Post responses in Oracle Forums -

Manually verify each question content and the chatgpt response, verify whether the responses are authentic and correct, aligns with Oracle Forums policies and guidelines.

Post responses as comments in each question, manually

Further improvements -

  1. Data Collection/Scraping - can be automated using RSelenium and R, GeckoDrivers

    provided Oracle Forums latest migration to Oracle APEX cloud is more stabilized and causes no issues while accessing data using web drivers

  2. Data Preparation -

    2.1 set and store information such as Topics , corresponding Community thread url, latest release info effective on or before Sep 2021

    2.2 pre-process post title and post content, to decide whether its related to any of our input topics/releases set in point #2.1

  3. Posting responses in Oracle Forums - can be automated.
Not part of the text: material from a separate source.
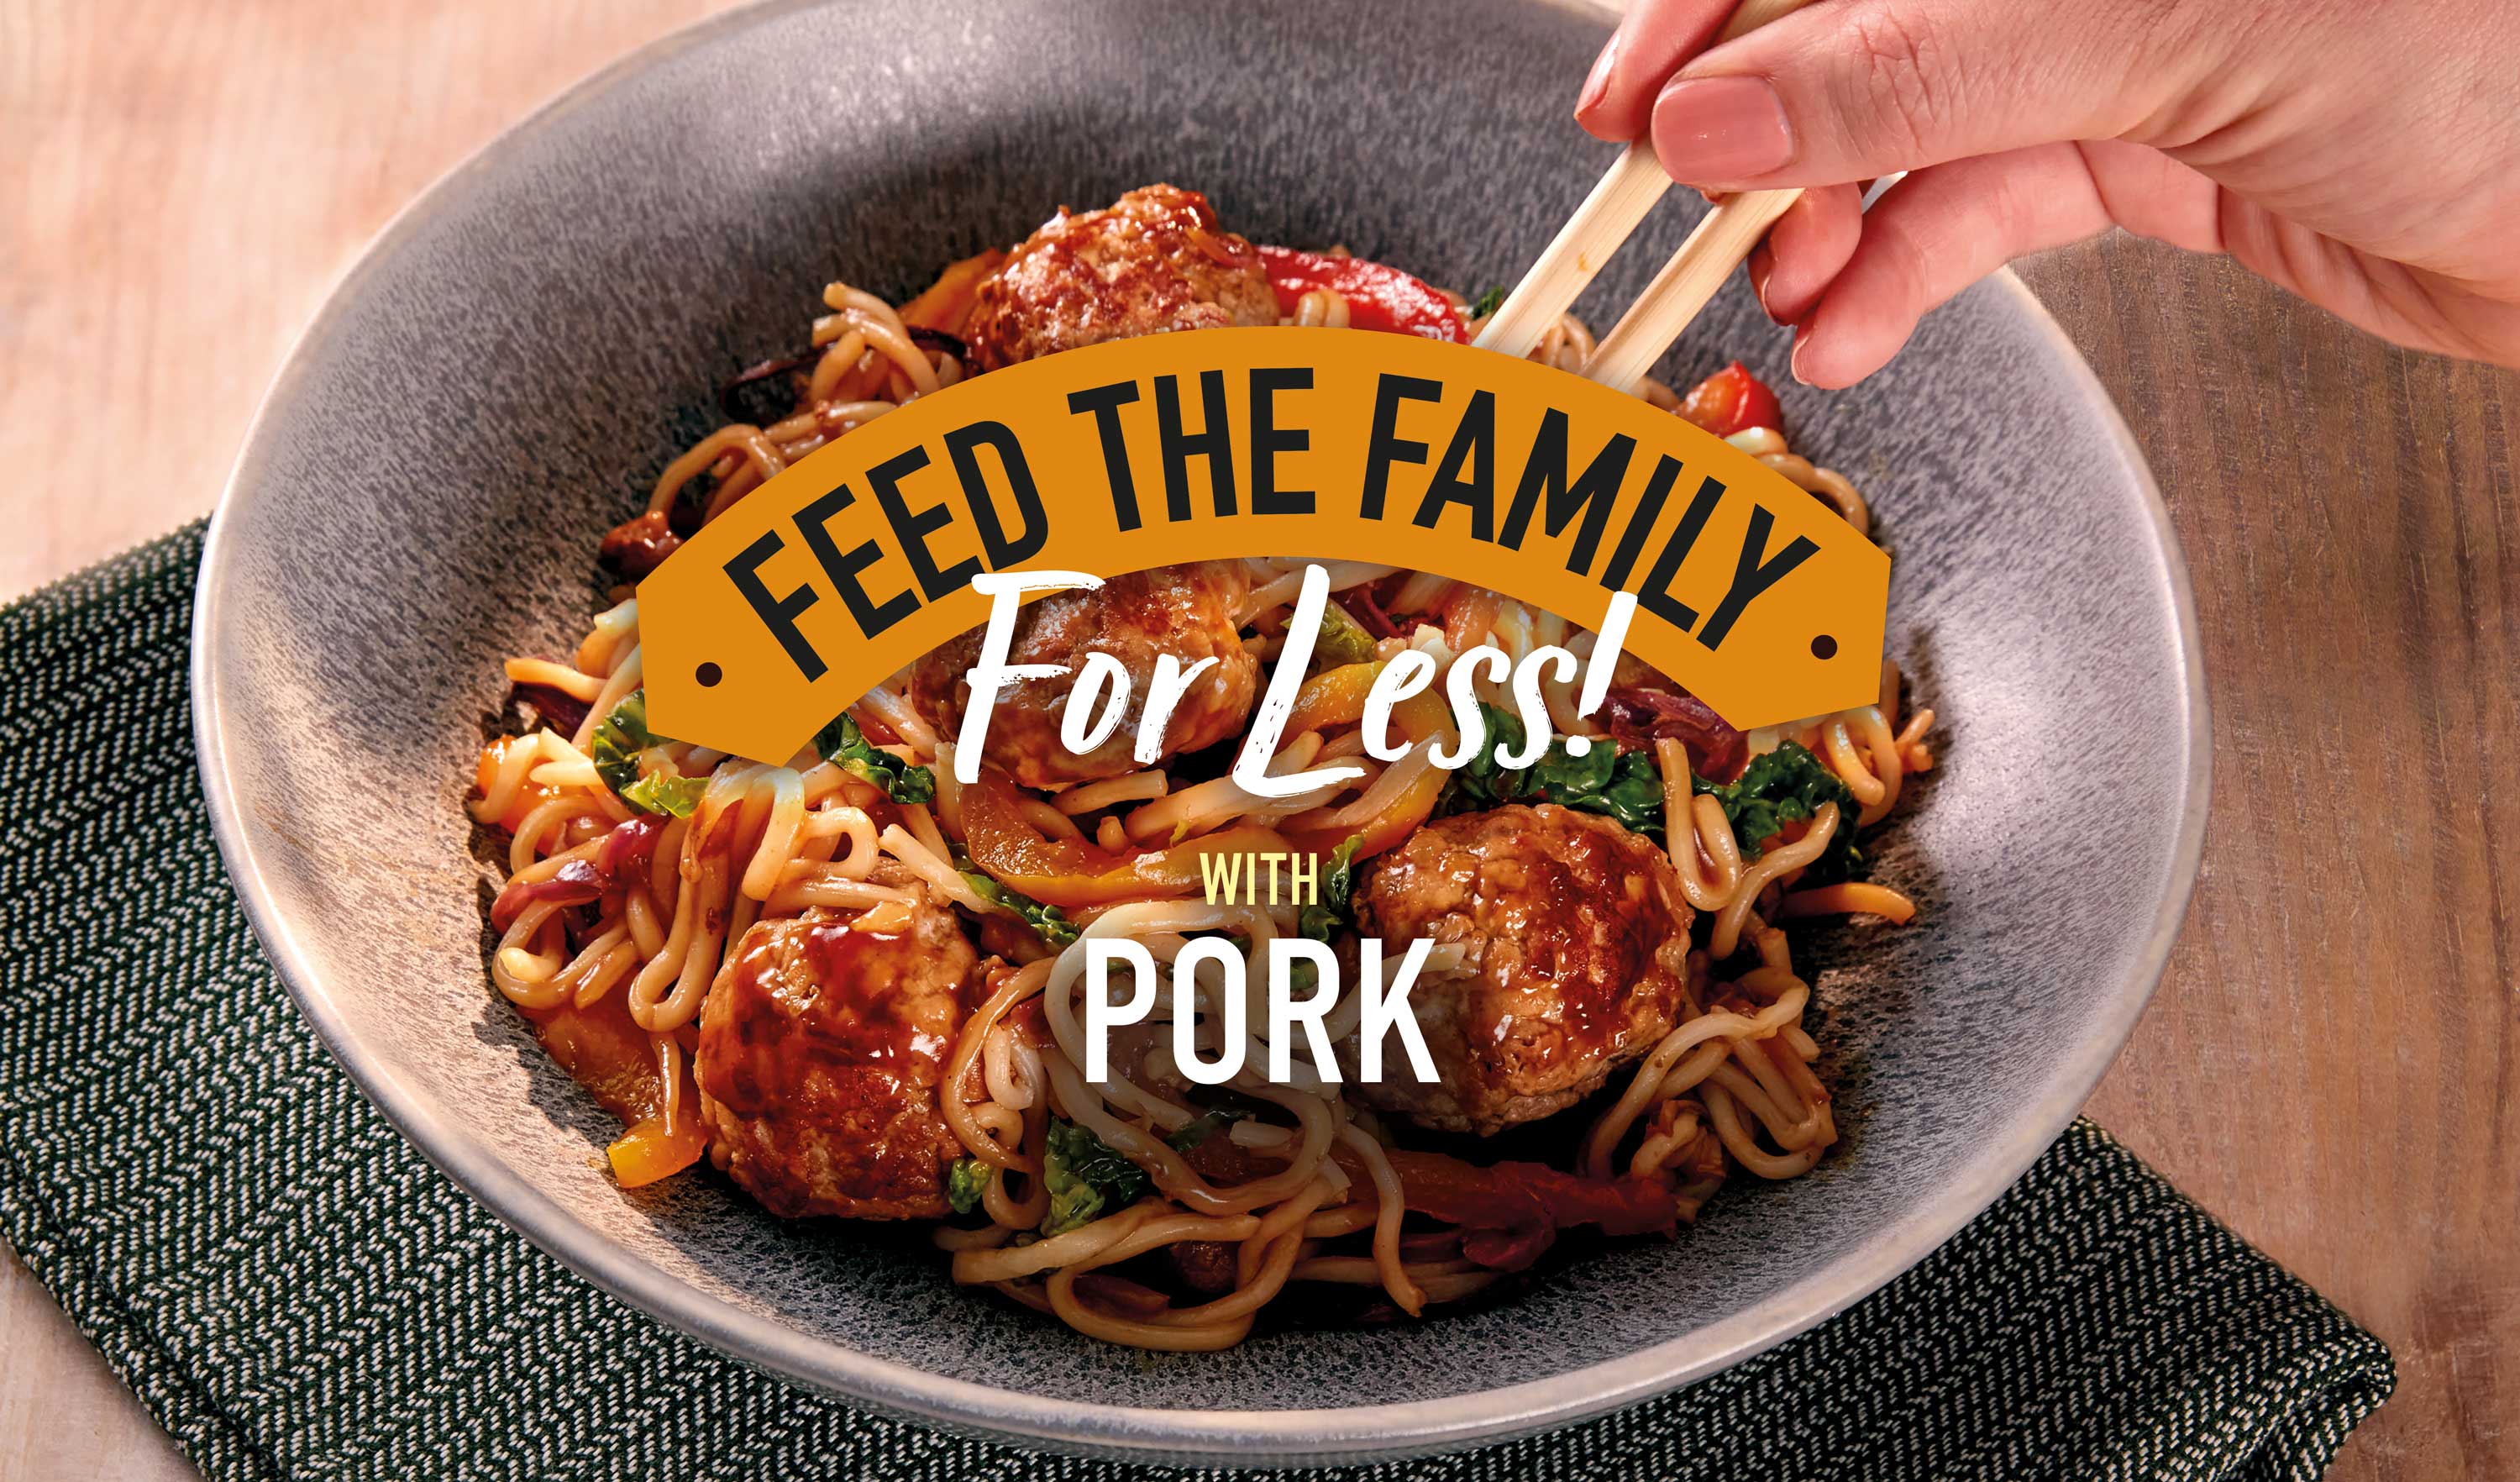 Pork autumn feed family for less hoisin banner

However, verifying the response is correct or not, should be done manually

Conclusion -

Although, one can experience a significant improvement in productivity and by solving issues at a faster pace; one can not avoid manual intervention in terms of verifying the generated response, and also the whether the suggested solution is working or not. This demands a certain level of familiarity to the topics being requested. In my case, its OBIEE, Oracle BI Publisher, R, Python, ML, AI, SQL etc.